Why? Because it’s hard to overstate how radicalized and anarchic the base of the Republican Party remains. Donald Trump may have endorsed candidates such as Herschel Walker, Doug Mastriano, Kari Lake, and Mehmet Oz, but it was primary voters who chose them. The lesson primary voters usually learn after several disappointing elections, which is to make changes so their party wins more races, isn’t likely to gain much purchase within MAGA world.

Those who inhabit MAGA world are deeply alienated from institutions, including political ones, and therefore a good deal less loyal to the Republican Party than they are to Donald Trump. They view themselves as “anti-establishment” and “anti-elitist”; they have contempt for Senate Minority Leader Mitch McConnell. I’m not sure right-wing pundits declaring that the Republican Party needs to move on from Trump will sway those voters, any more than it did in 2015 and 2016, when virtually the entire GOP establishment opposed Trump.

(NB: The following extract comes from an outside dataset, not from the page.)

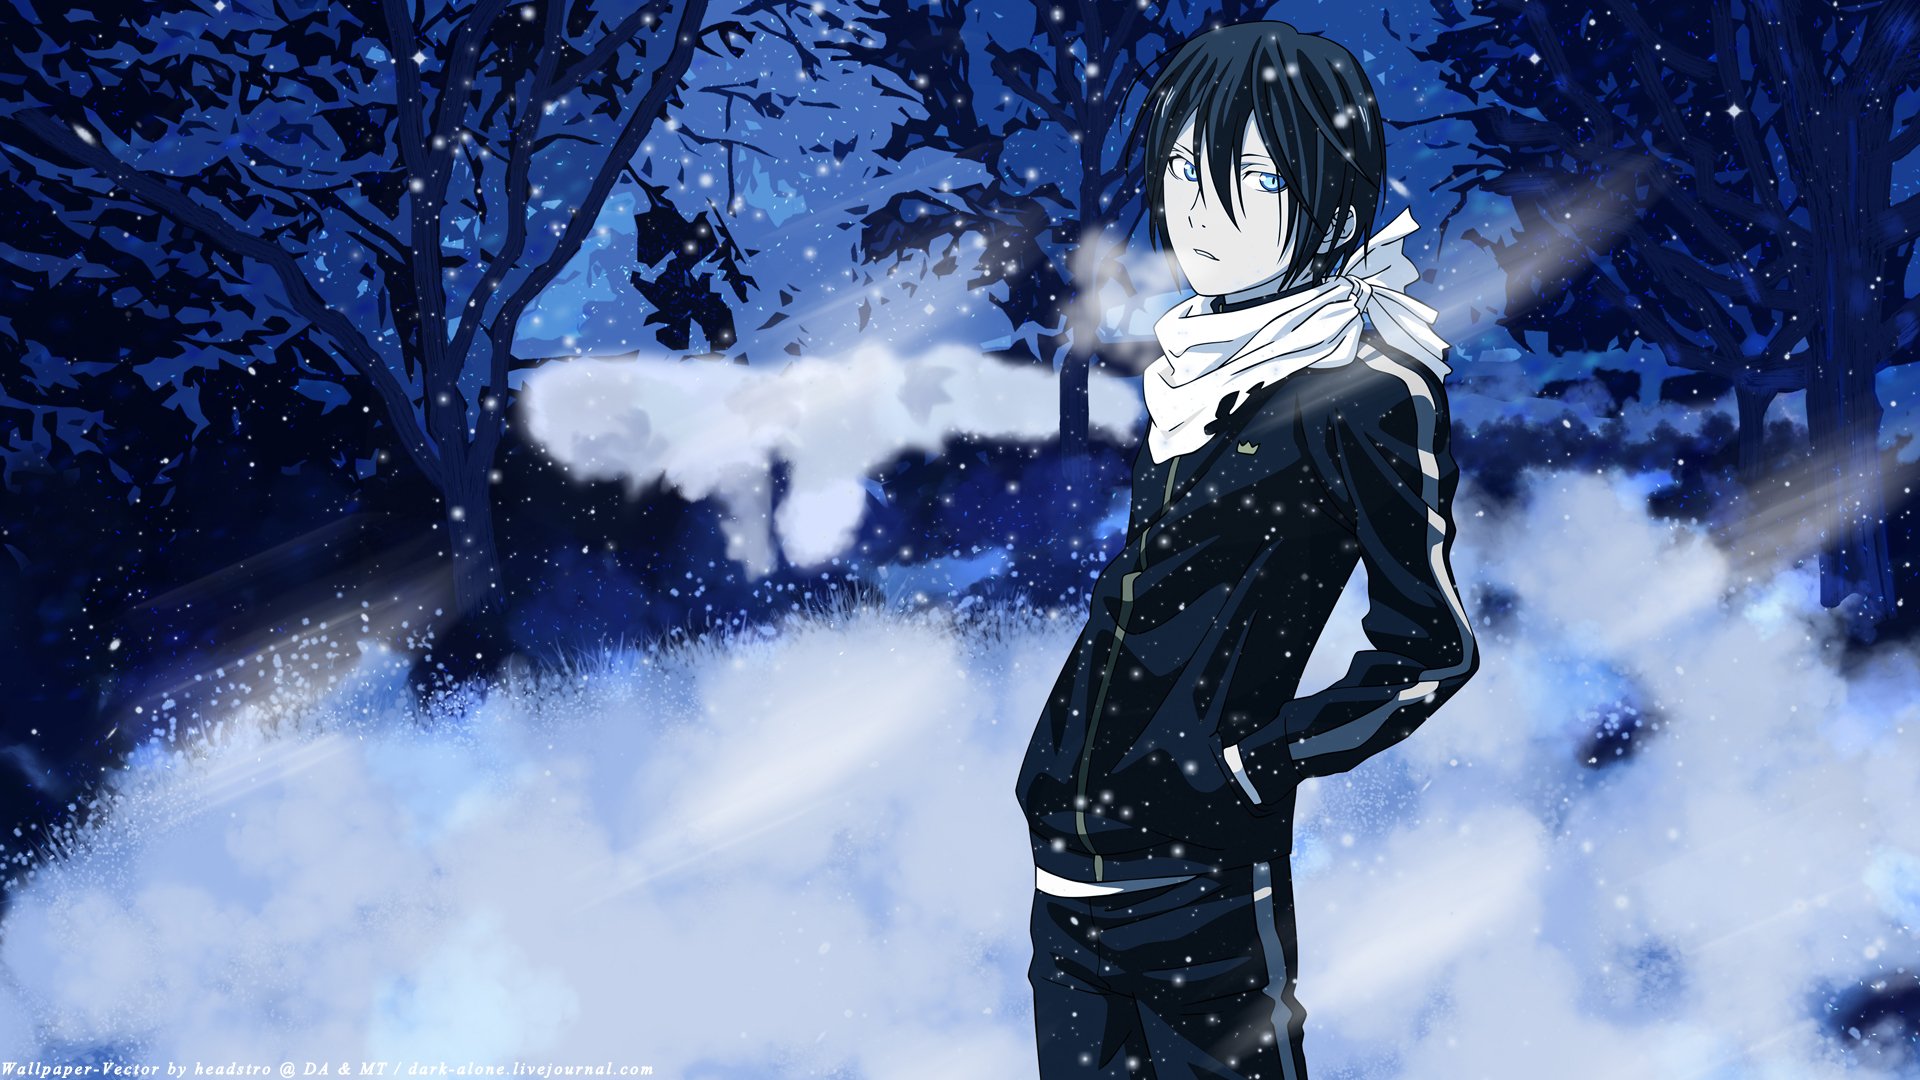 noragami tapete,schnee,anime,winter,himmel,schwarzes haar

Trump is hardly invincible, nor does he have a lock on the 2024 nomination. Polls indicate that younger Republicans and those with college degrees are becoming disenchanted with him. Trump’s descent into an ever darker, ever more deranged world is creating unease even among some who voted for him. Events can intervene, including health and indictments. And DeSantis has, at this early stage, shown the ability to excite MAGA world.

Nevertheless, Trump is still the dominant figure in the Republican Party. His imprint is all over it. And DeSantis is untested in a presidential campaign. My hunch is that many people who are excited by the idea of his candidacy haven’t actually seen all that much of him. If DeSantis runs, we’ll see just how talented (or not) he is. Running for governor and running for president are two very different things.

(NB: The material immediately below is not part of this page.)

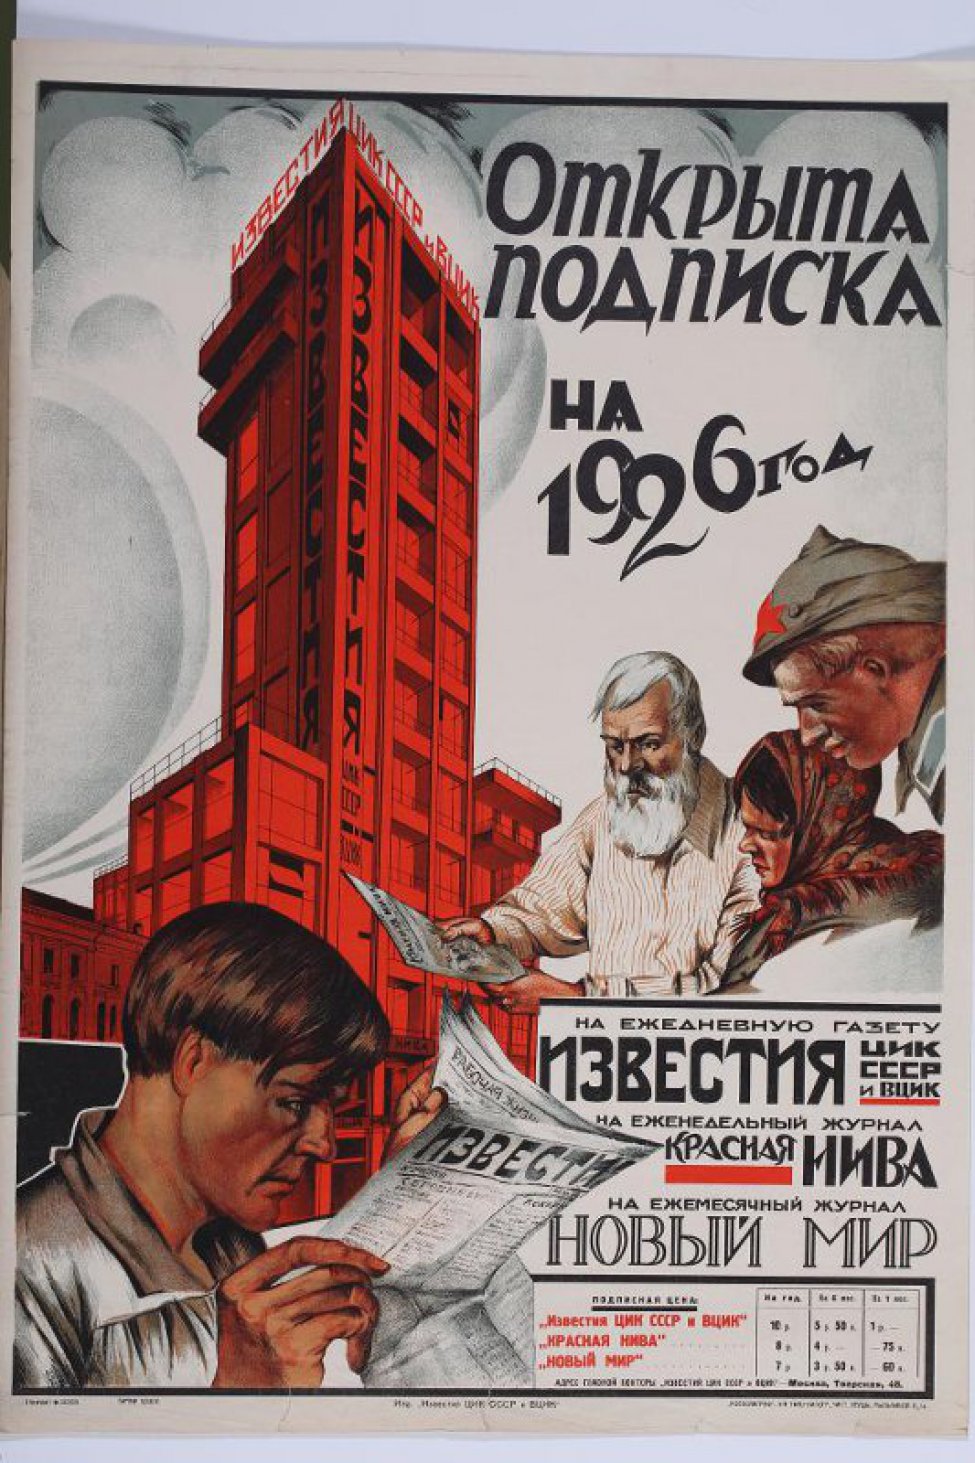 Изображен красный дом с высокой башней. Внизу молодой человек за чтением газеты. Справа двое мужчин и женщина читают журнал: Красная Нива"."

This also needs to be said: If the Republican Party does break with Trump now, it will be for only one reason, which is that he’s costing it power. Everything else he did—the relentless assault on truth, the unlimited corruption, the cruelty and incitements to violence, the lawlessness, his sheer depravity—was tolerable and even celebrated, so long as he was in power and viewed by Republicans as the path to more power.

The Republican Party remains diseased. There are a few exceptions, such as Senator Mitt Romney, but Americans should consider the GOP a threat to liberal democracy until we see evidence of dramatic changes. The most encouraging news from the midterms was that just enough Americans understood this; an election that should have been a Republican tsunami produced barely a trickle. As Lisa Lerer of The New York Times put it, voters “showed a limited appetite for the burn-down-the-house approach that Mr. Trump has spread throughout the Republican Party.”

The past half-dozen years have not been easy ones for American democracy. The stress test is hardly over, and the struggle will intensify. But Tuesday was a good day. Voters seemed to understand the nature of the threat; they stepped up rather than succumb to apathy or despair. Americans still have a republic, and most of them still want to keep it.